Soñó con estar en un capítulo donde dos niños se amaban y él era un charco que lo creían mar. Era señalado por los niños y sus pies con calzado lo pisaban a un costado, sentía los pasos en sus costillas. Dejó el libro a un lado y vio que estaba nuevamente solo en la cafetería. El mesero hablaba con la persona de la barra, tomaban agua y señalaban afuera, seguía la lluvia. Alguien entró y se puso junto a la barra, les habló con la cabeza baja a los empleados y de reojo vio a Lionel. Se escuchó que alguien lloraba, era desde la barra, los empleados tiraban lágrimas, el hombre que había entrado al café les pidió que cerraran el lugar y así lo hicieron. Pusieron llave a la puerta principal y regresaron a su lugar. Lionel se quedó perplejo pero no decía palabra alguna o se movía. El hombre sacó un arma, tomo un banco y la puso a su lado. Pidió un café, le sirvió crema y poca azúcar, lo revolvió y lo probó, agregó más azúcar y les dijo algo a los empleados. El mesero se sentó a su lado y la persona de la barra abrió la caja y le entregó dinero. El hombre tomó el arma con la mano derecha y con la izquierda el café. Golpeó en la cara suavemente al mesero y luego disparó al techo; nadie se movía. Lionel estaba tratando de leer sin prestar importancia a lo sucedido y el hombre del arma se sentó en su mesa. Les llevaron algo de comer, un pastel. Ambos tomaron un tenedor y comieron un poco, Lionel no miraba al hombre y este le dijo: No viste lo que pasó, no has visto ni verás –le dijo con un tono de voz baja y tranquila- ¿entiendes? –Sí entiendo, no veré ni vi algo- respondió cerrando el libro y dejándolo de lado-. El hombre se terminó el café y comió un poco más de pastel, pidió que le abrieran la puerta y le disparó al mesero en la pierna.

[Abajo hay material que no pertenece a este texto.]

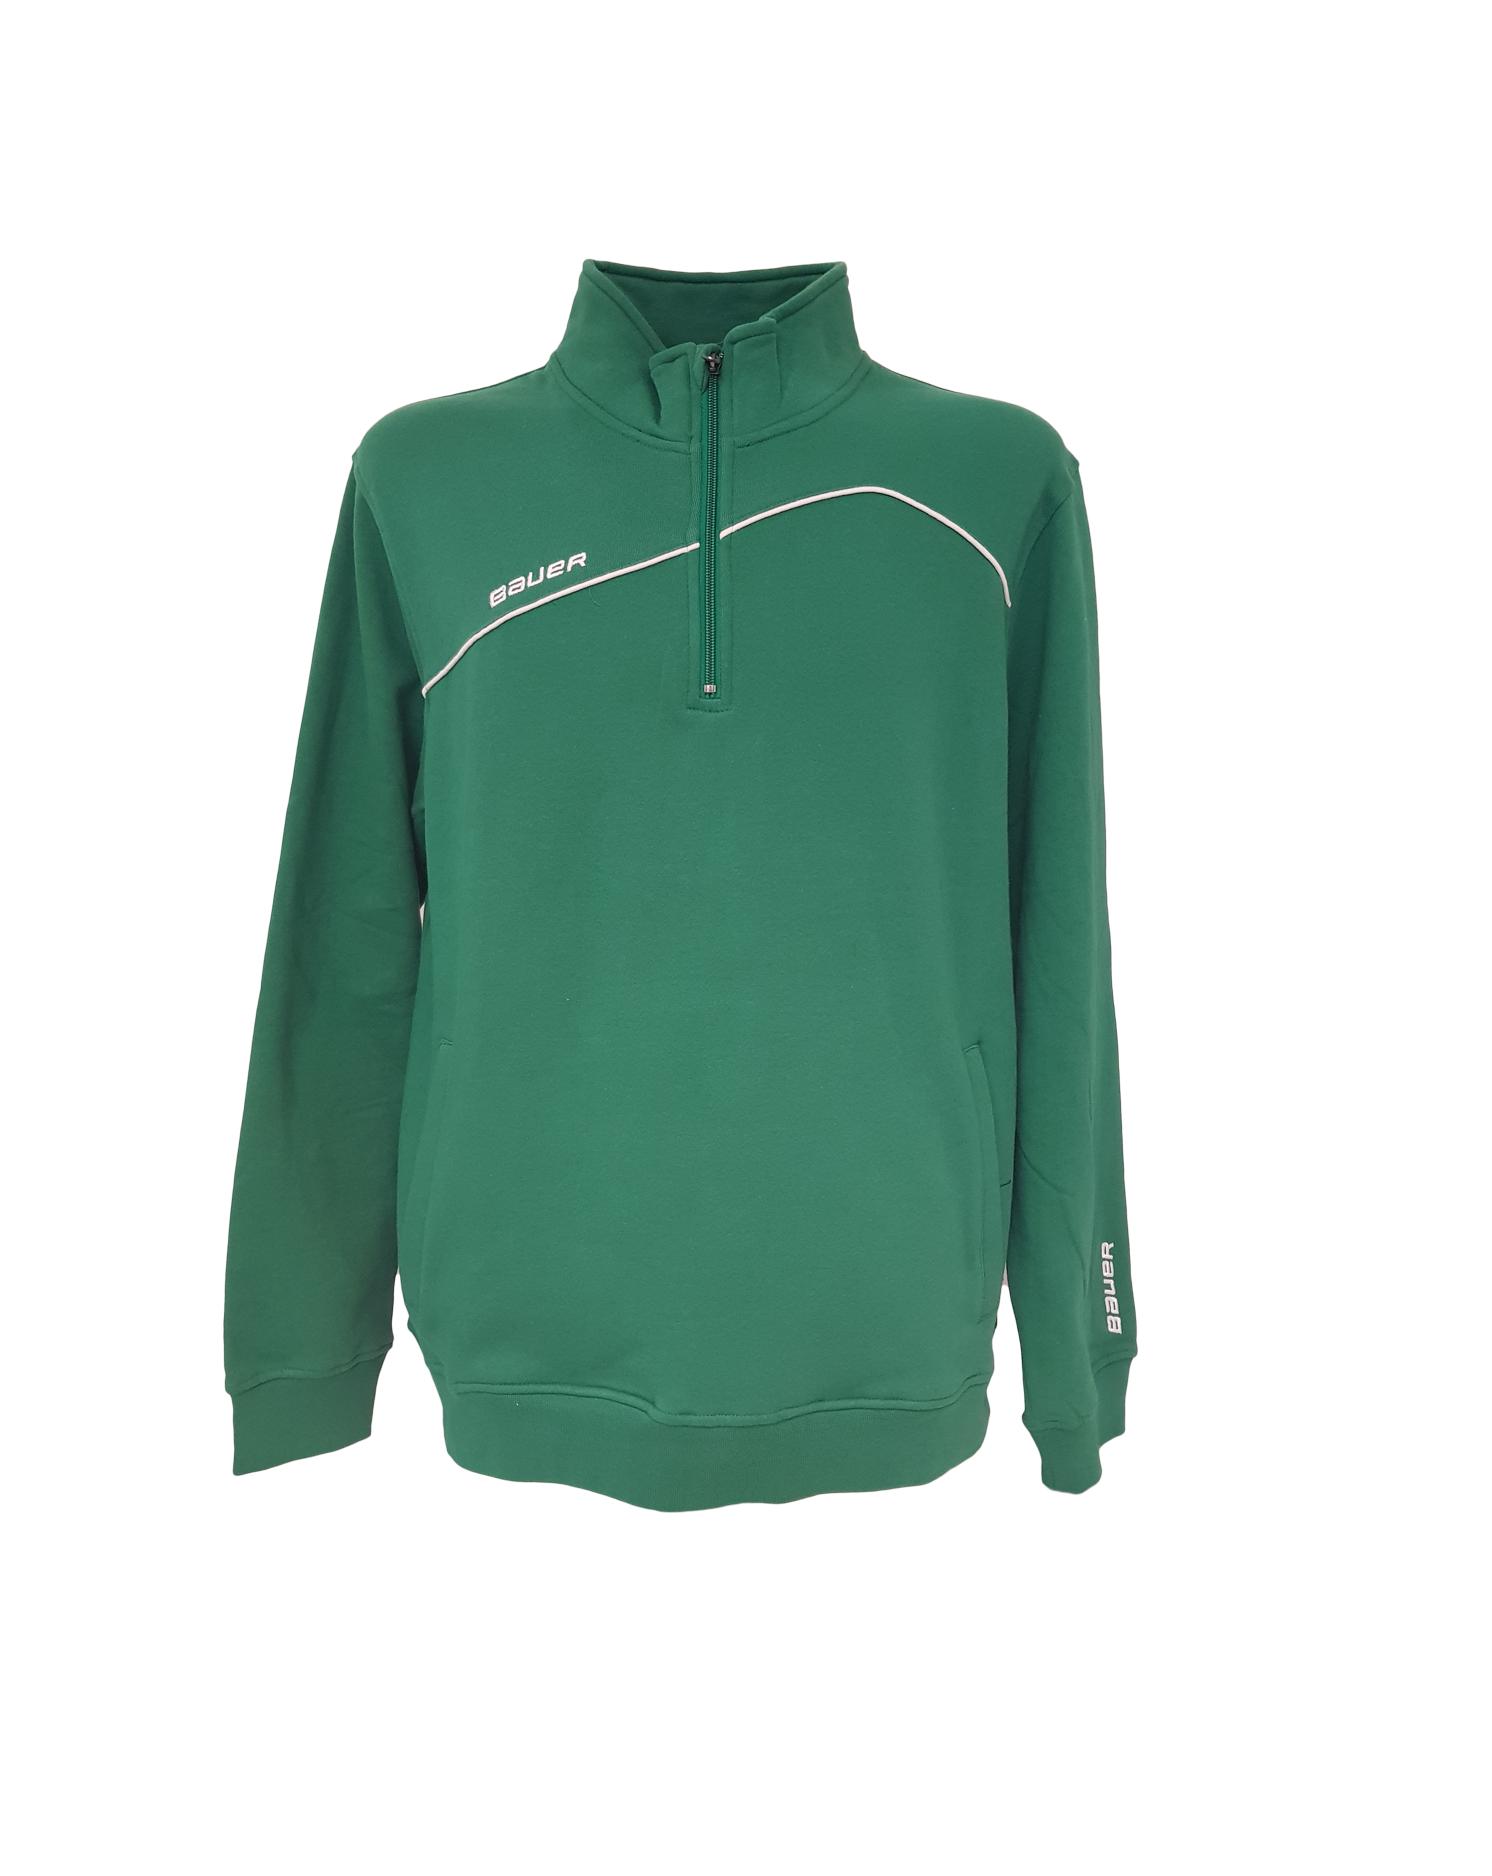 Bauer Team Core 1/4 Adult Zip Sweatshirt
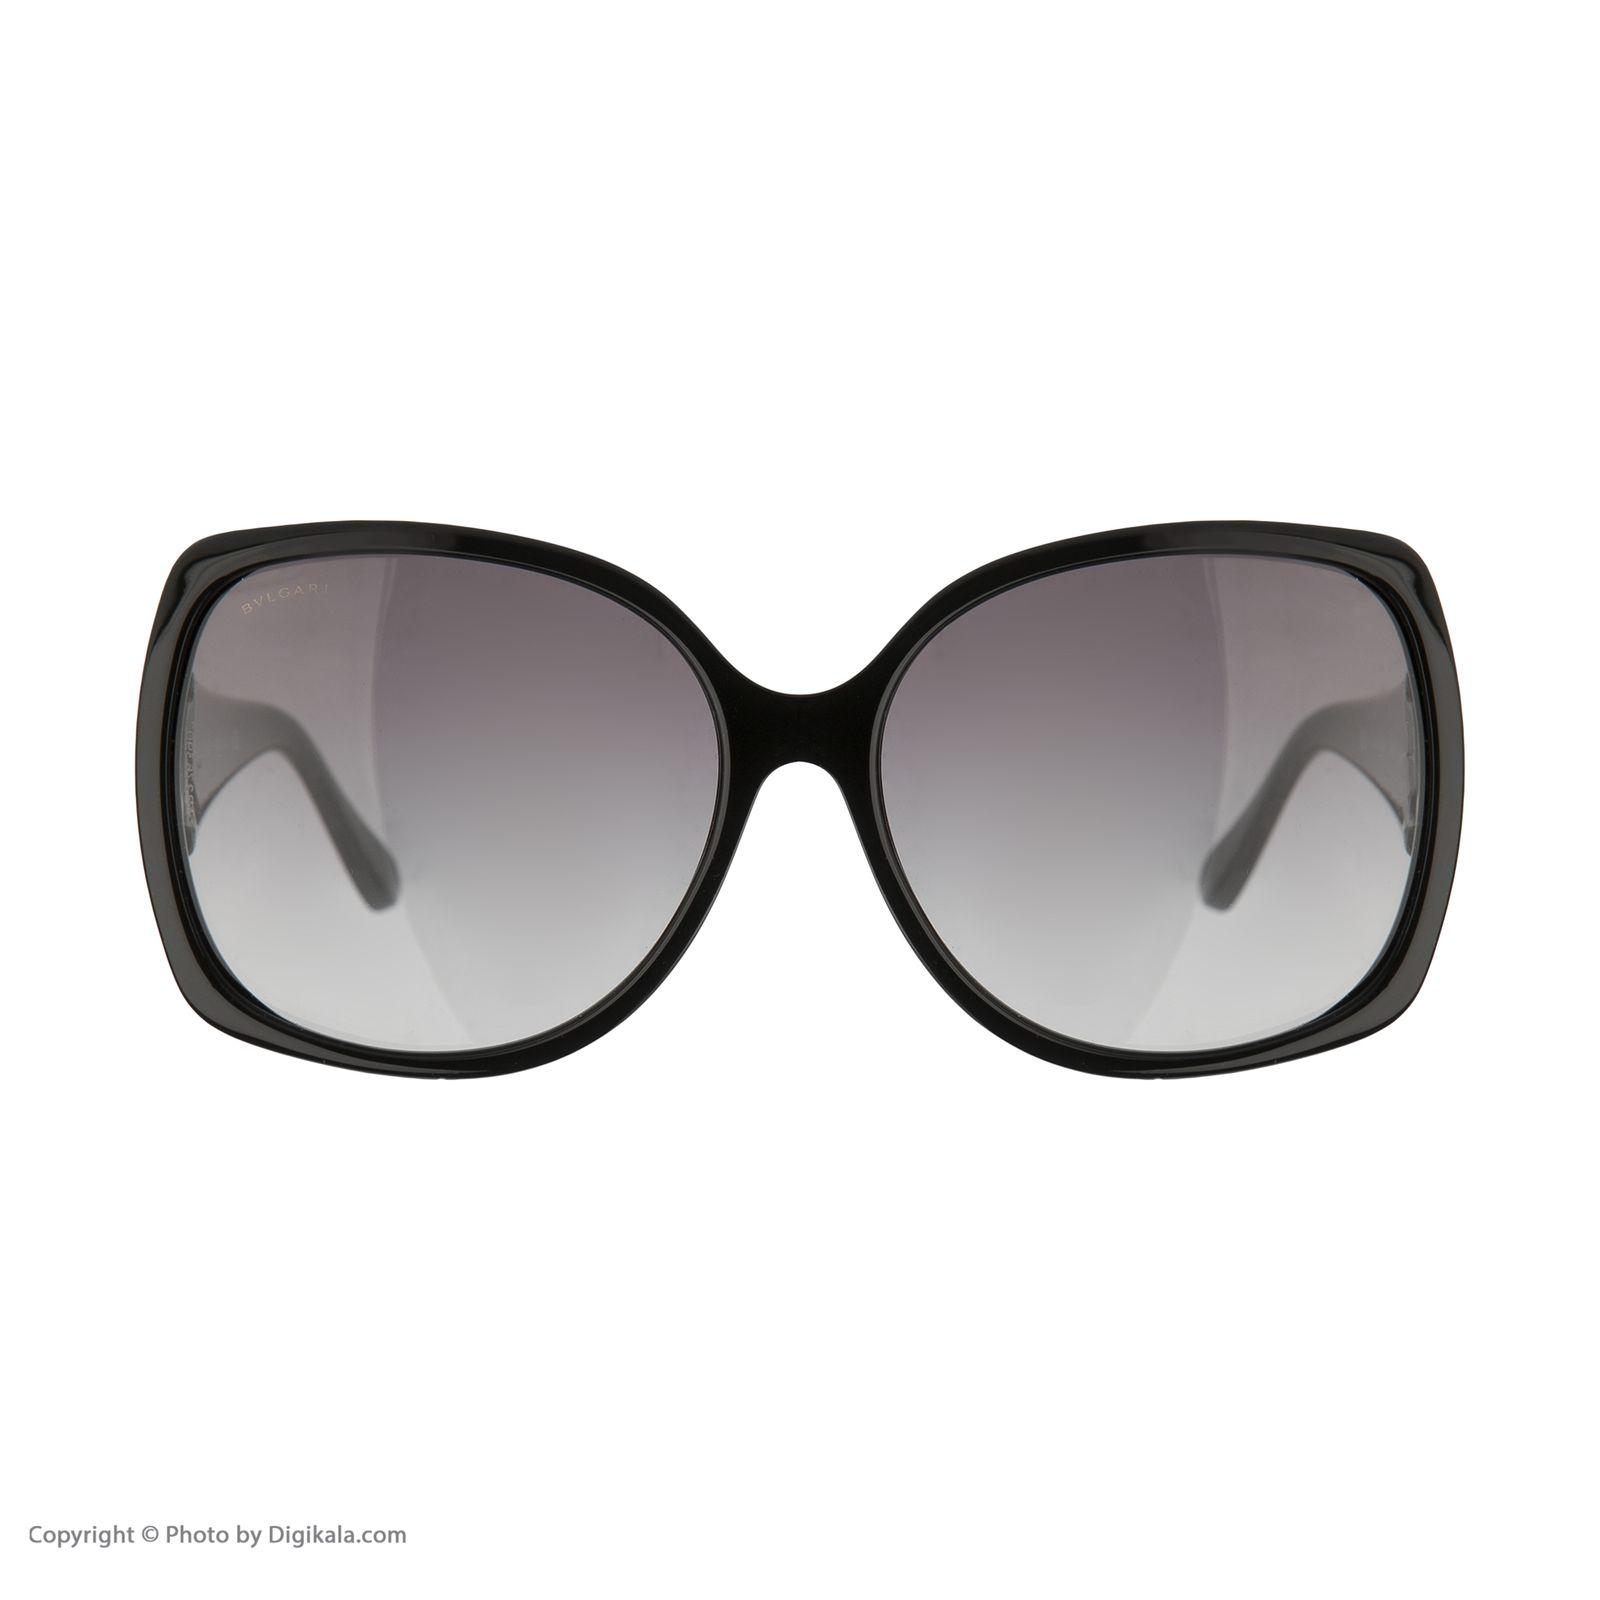 عینک آفتابی زنانه بولگاری مدل BV8078S 90111 -  - 3

La policía llegó al café, la persona de la barra dio cuenta de los hechos y el mesero era atendido en una ambulancia. Un policía se le acercó a Lionel y le preguntó sobre lo que había visto y este respondió: Nada, no puedo ver. –¿Es usted ciego? -Le dijo el policía mirando el libro que ahí tenía a su lado Lionel -¿para qué trae un libro si no puede ver? –Lo tengo porque me gusta oler las hojas, imaginar lo que tienen escritas, el otro día olí con ser un charco que unos niños lo creían mar y me pisaban con sus zapatos. –¿Quiere que lo llevemos a casa? Han herido a una persona aquí y tenemos que cerrar el lugar- Mientras el policía decía eso le ponía la mano en el hombro a Lionel –No gracias, todavía quiero escuchar un poco más el reloj, siempre vengo a escucharlo a estas horas.